_Supplied information_

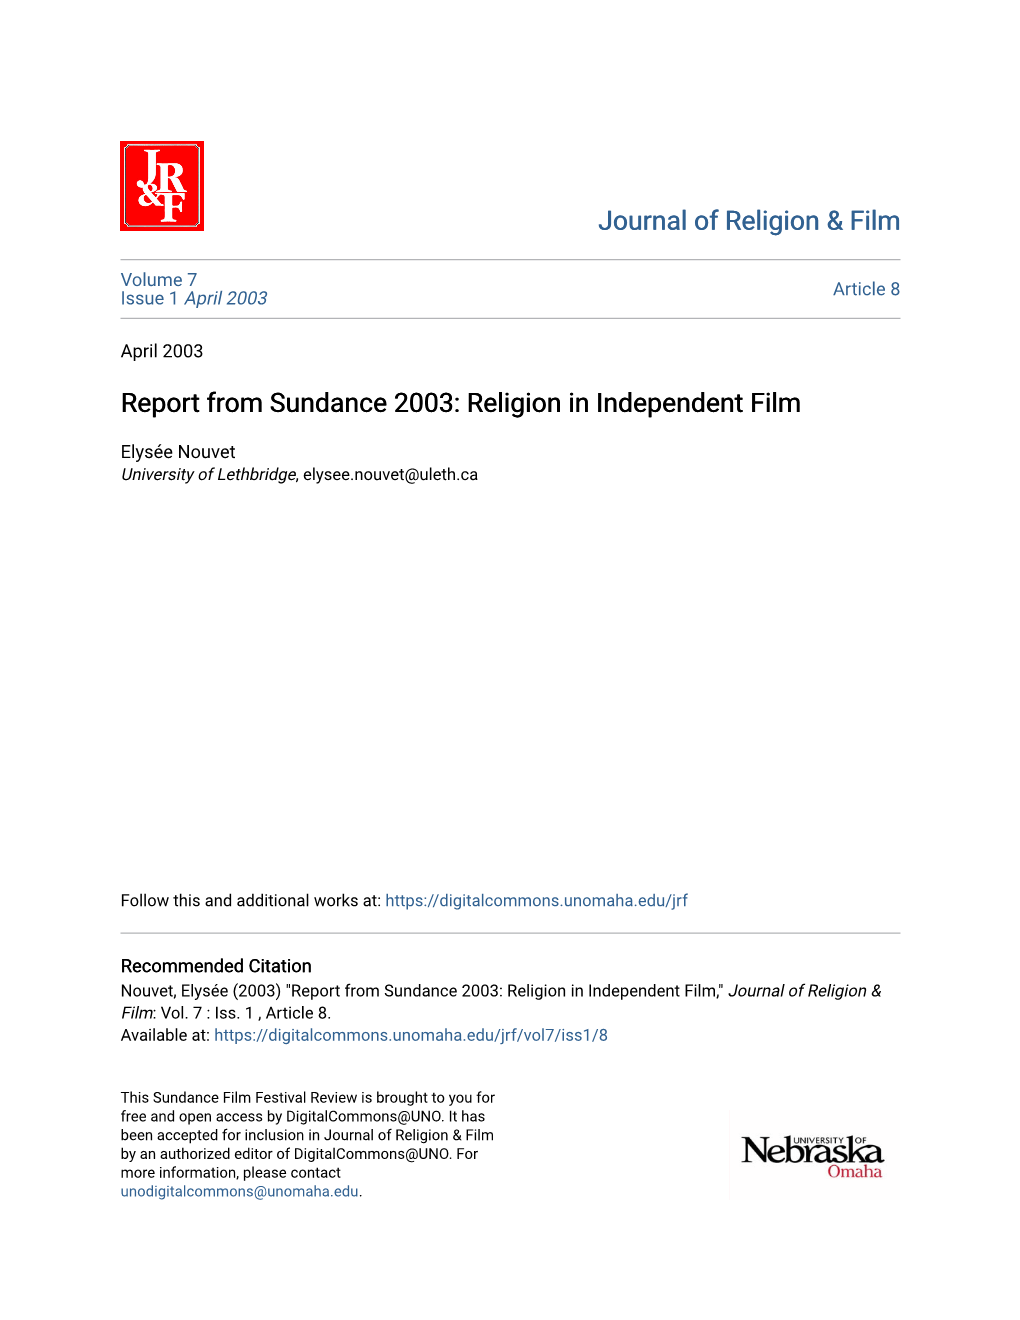 Report from Sundance 2003: Religion in Independent Film
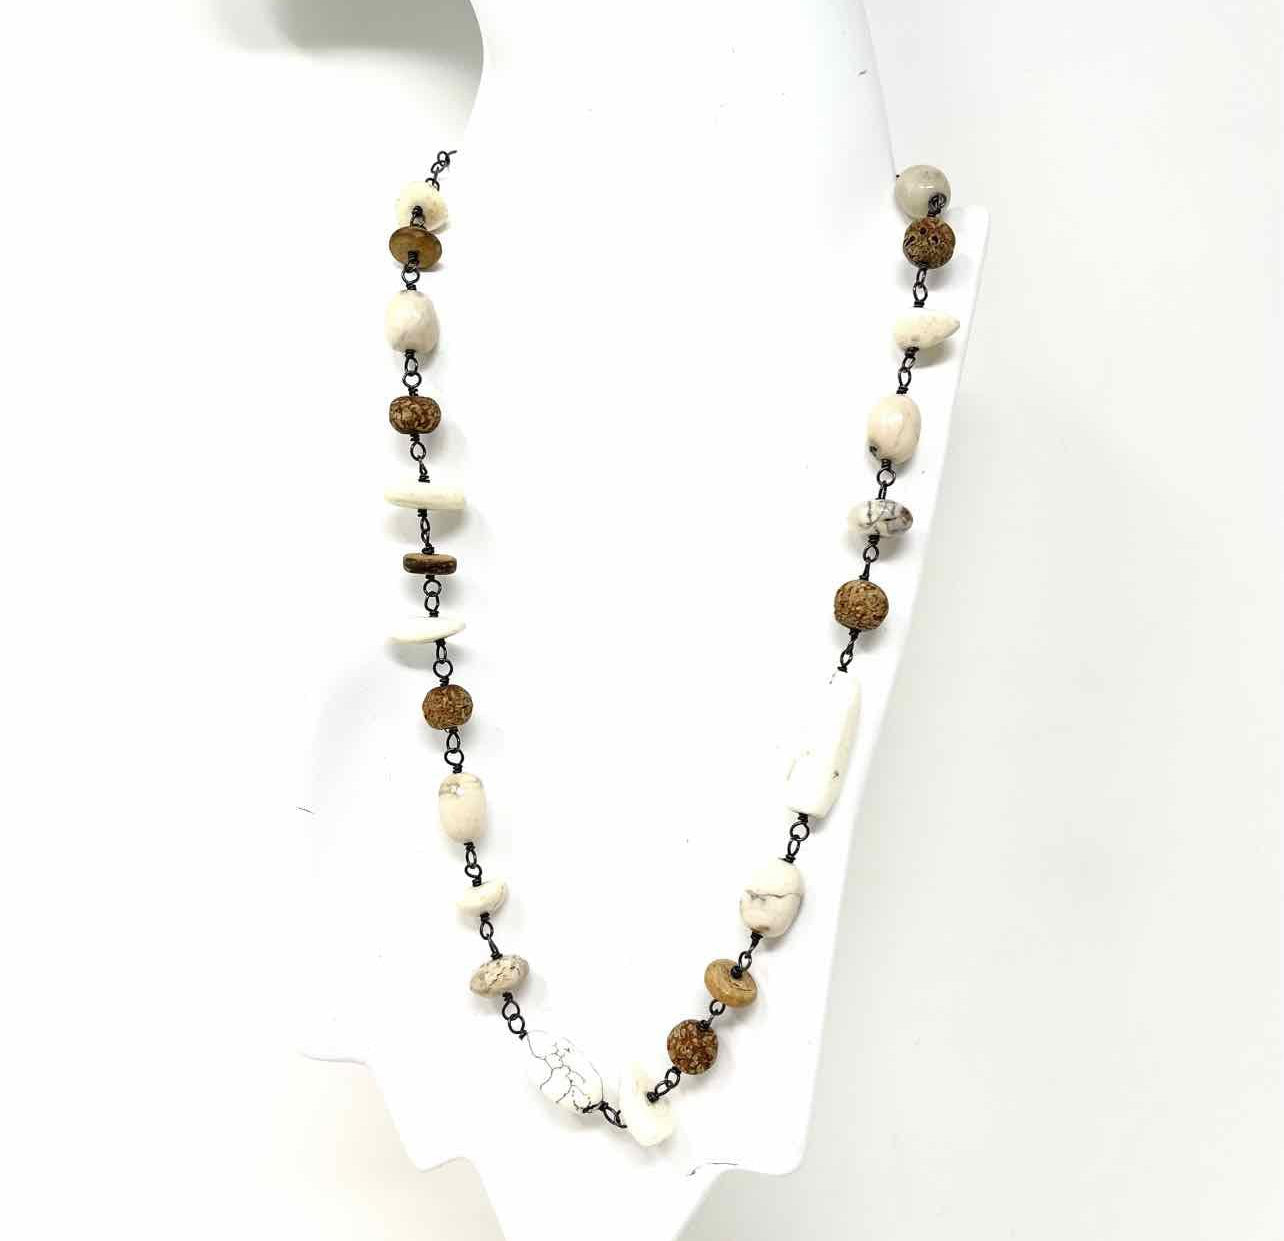 Silpada .925 Brown/White Stone Necklace - Article Consignment
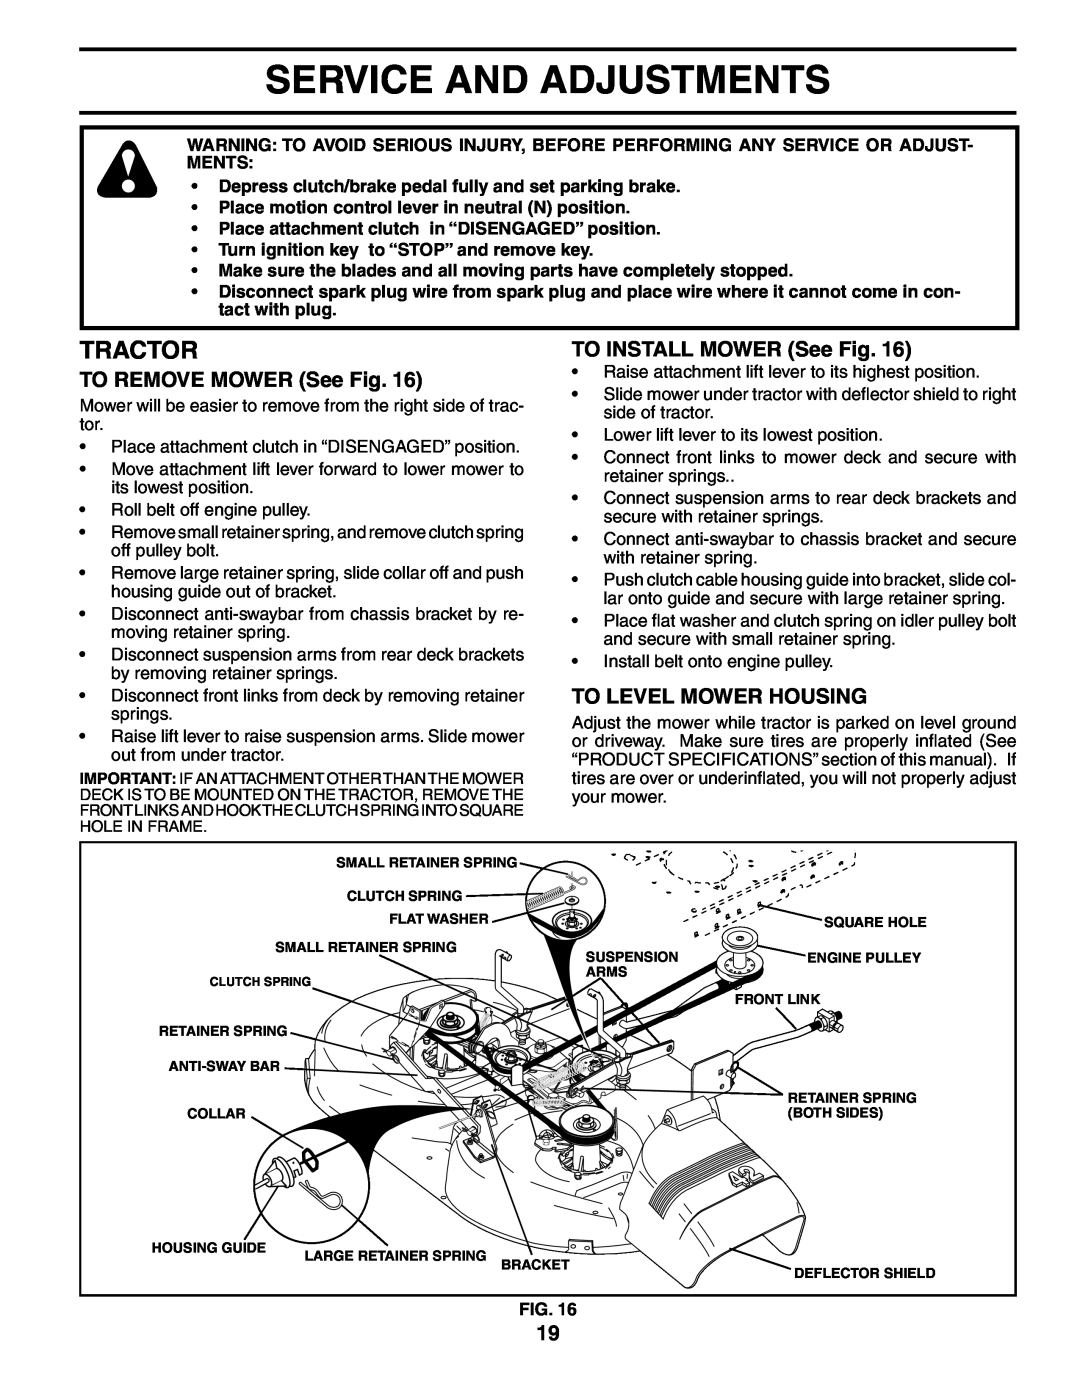 Poulan PO17H42STB manual Service And Adjustments, TO REMOVE MOWER See Fig, TO INSTALL MOWER See Fig, To Level Mower Housing

_Problem to work on_
Every line of the listing is to be repeated exactly, and the pictures are to be dropped.

_Output below_
 Report from Sundance 2003: Religion in Independent Film
 Silpada .925 Brown/White Stone Necklace - Article Consignment
 Poulan PO17H42STB manual Service And Adjustments, TO REMOVE MOWER See Fig, TO INSTALL MOWER See Fig, To Level Mower Housing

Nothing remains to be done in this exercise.